I think that you could be a religious scientist, but it seems that it would be difficult. Like an IRS worker evading taxes, maybe?
I have never met a scientist who tries to find supernatural causes for things… I hate to shout “strawman” because it is such an over used expression but here I think it is justified?
Yes, it would be nice to believe that the drift to secularism was an inevitable result of better education and scientific understanding, but it ain’t so – (with apologies to Mark Twain).
It appears that neither the article author nor the comment authors have read the work of Phil Zuckerman. Essentially Phil’s studies link the growing secularism of society with the growth of social democracy. It seems that once you remove anxiety over the future from people’s concern they are less inclined to seek the “comfort blanket” of religion.
Key anxieties in societies which are not social democracies are access to good quality health care irrespective of income and financial security in unemployment and old age.
Basically the state can provide the “comforts” of religion without the baggage of irrational belief, antiquated morality or the personal commitment of time and trouble.
Phil’s ideas do what most others don’t. They explain the difference in religiosity between the US and the rest of the western democratic world.
@Gordon Well put. Have you got a link to something in particular by Phil Zuckerman that is a good read?
Being poorer doesn’t always equal being more religious. Looking at the demographics of my own metro area, evangelical Christians tend to be richer – the richer and more upper-middle-class areas are also the most religious, and have the highest amount of megachurches and such.
I’d say it depends on the individual denomination. The non-denominational “megachurch” Christians, the kind you’d think of when talking about Rick Warren and Focus on the Family, tend to be more well off in my experience. In fact, smugness and ignorance of the suffering of less fortunate people is something that I’ve found bothersome about Christianity in the past.

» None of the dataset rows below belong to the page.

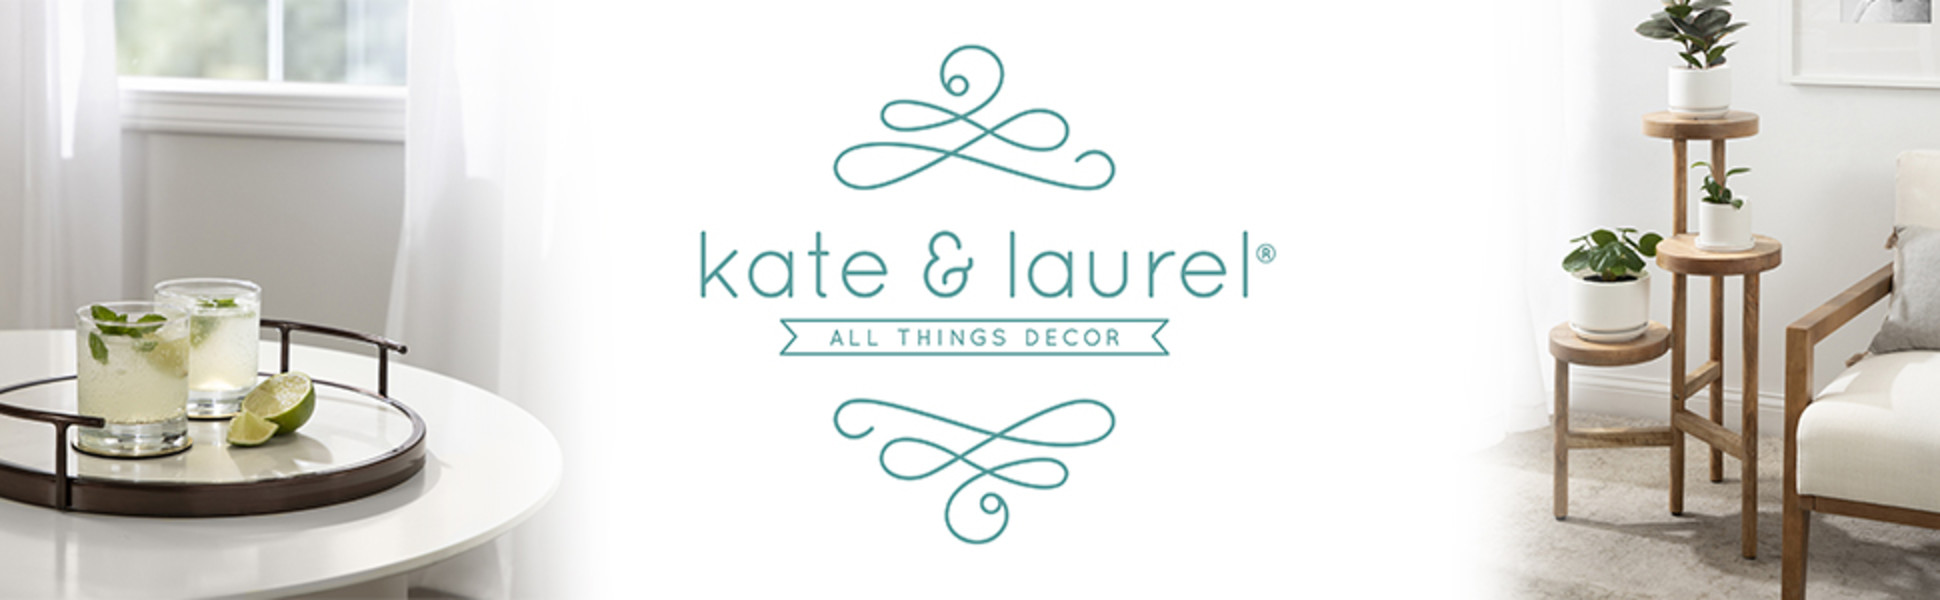 Kate and Laurel Banner Image with Round Decorative Food Tray and Plant Pedestal Stand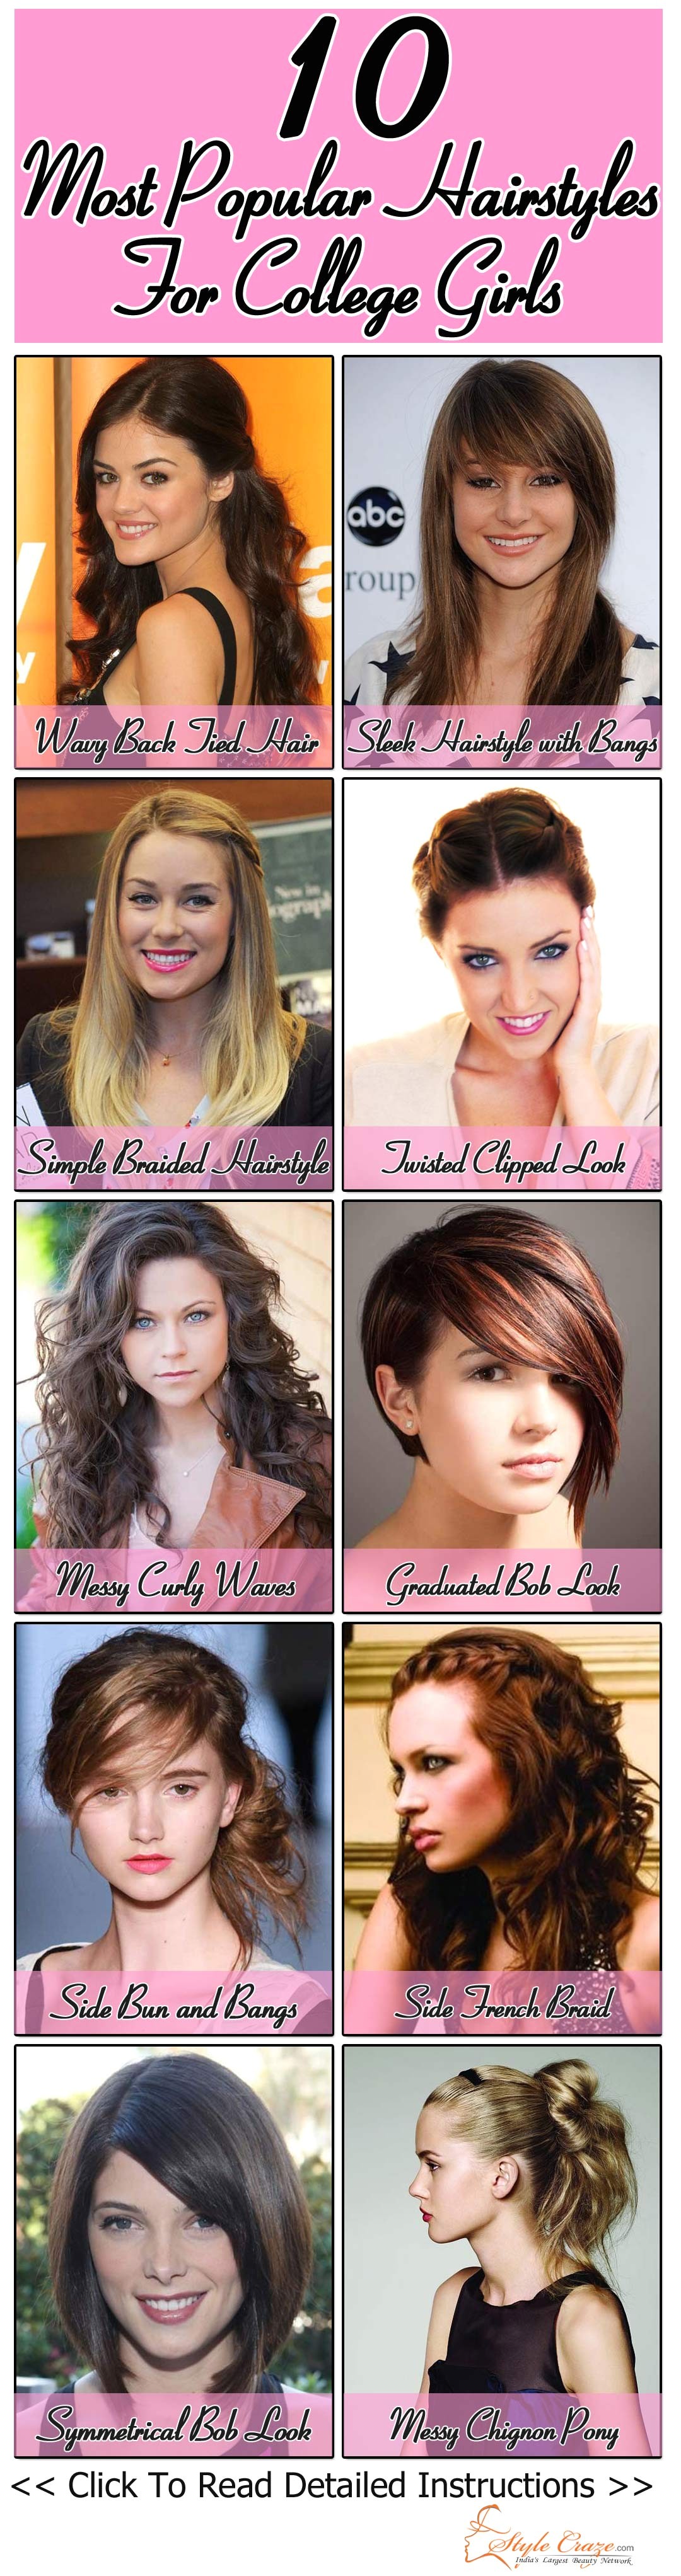 10 Most Popular Hairstyles For College Girls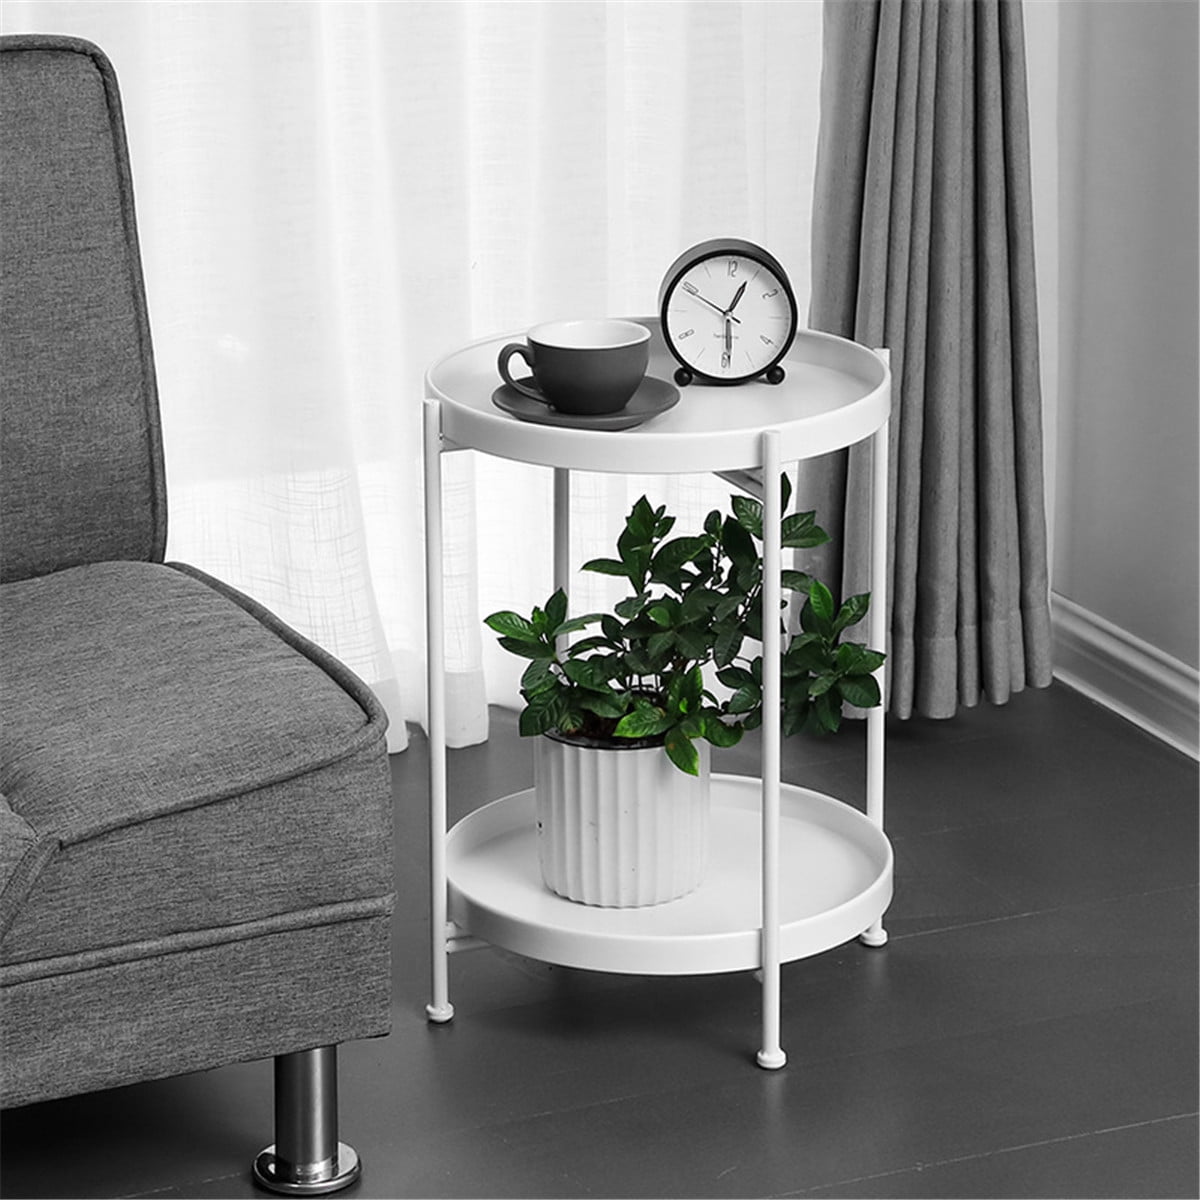 Coffee Table Nordic Style Side End Table Durable Metal Frame Furniture Small Space Tea Corner Table for Living Room Bedroom Patio Garden Black

Megachurches tend to be RUN by the well off… but their targets *ahem* sorry parishioners tend to be not well off but wishing to be so (think a pyramid scheme). This fits with Gordon’s idea…
Mythic Sushi – the research deals with countries and societies rather than individuals. It is a charactersitic of soceites with low levels of social security that they have poor people as well as rich people – and the idoelogies justifying their postions.
onefuriousllama – Phil Zuckerman’s bpp Society without God: What the Least Religious Nations Can Tell Us About Contentment came out last year.
Have a search for articles on the interent. For example his oped with Gregory Paul Why Do Americans Still Dislike Atheists?.
Paul himself has published some itneresting research – eg:
Cross-National Correlations of Quantifiable Societal Health with Popular Religiosity and Secularism in the Prosperous Democracies
And somewhere there is a video of his presentation at the Stockholm Conference where he updates that work.
His website is Science and Religion.
@Ken cheers for that, I’ll add those to my ever increasing list of books to read. I might not get through them all before I retire and perhaps not even after. I am 30 years away from retiring.
Mythic Sushi – Anxiety about the future in the US is not confined or even most prevalent amongst the poor. The large middle class, one of the US’ greatest achievements, sees what happens to their fellows when they lose their jobs. In the US the balance between employer and employee gives little protection to employees.